#### Working data
========================

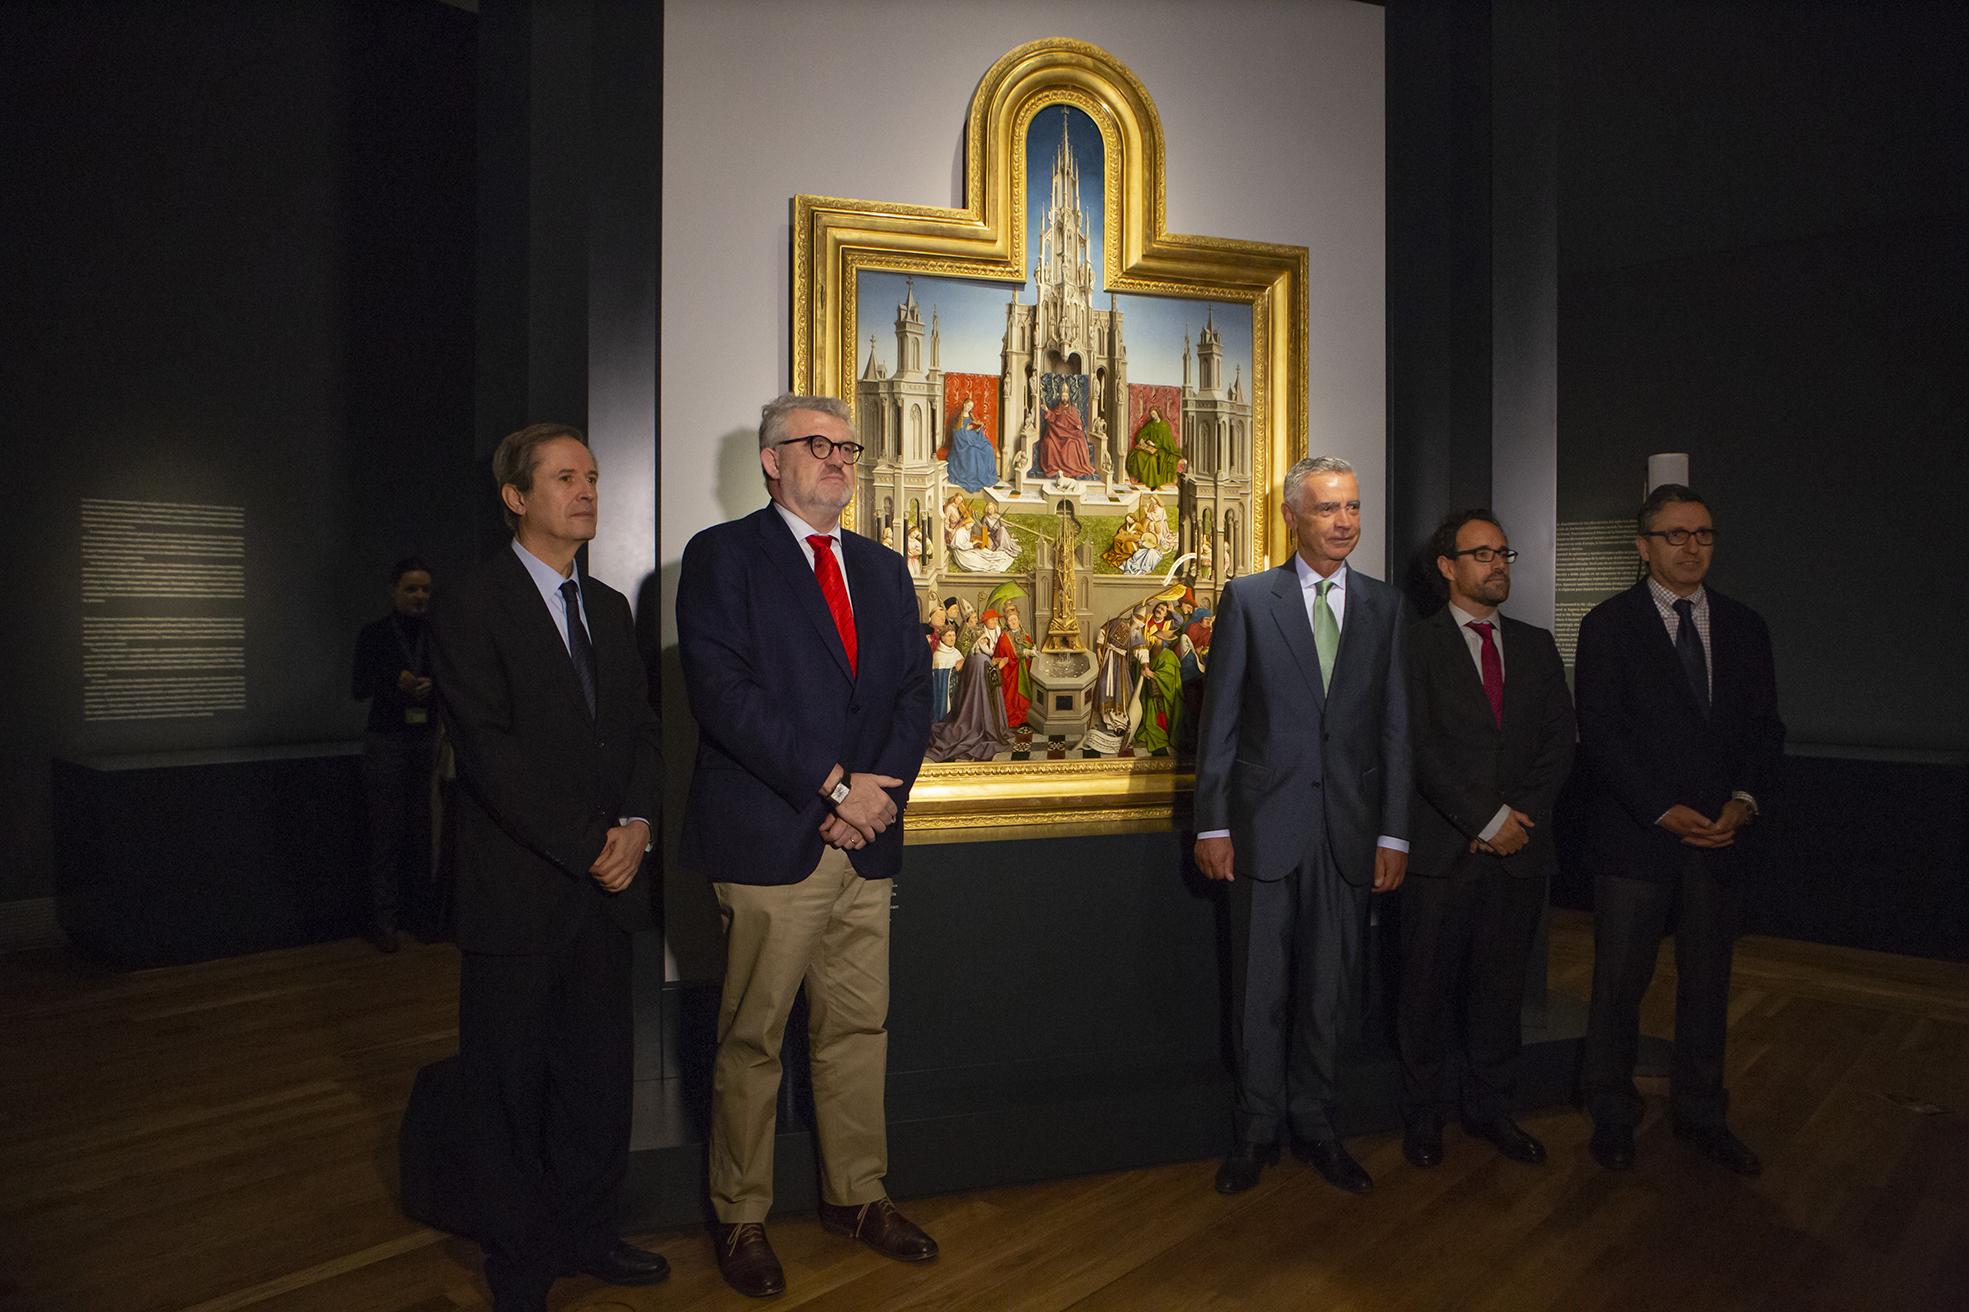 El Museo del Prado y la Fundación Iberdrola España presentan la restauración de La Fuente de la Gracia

========================

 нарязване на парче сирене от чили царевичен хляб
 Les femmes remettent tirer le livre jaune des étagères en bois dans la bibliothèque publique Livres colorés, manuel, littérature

========================

Of all the entries above, retype exactly the lines from the line with "нарязване на парче" to the line with "Les femmes remettent", both included, and no others.

#### Answer for this exercise
 нарязване на парче сирене от чили царевичен хляб
 Les femmes remettent tirer le livre jaune des étagères en bois dans la bibliothèque publique Livres colorés, manuel, littérature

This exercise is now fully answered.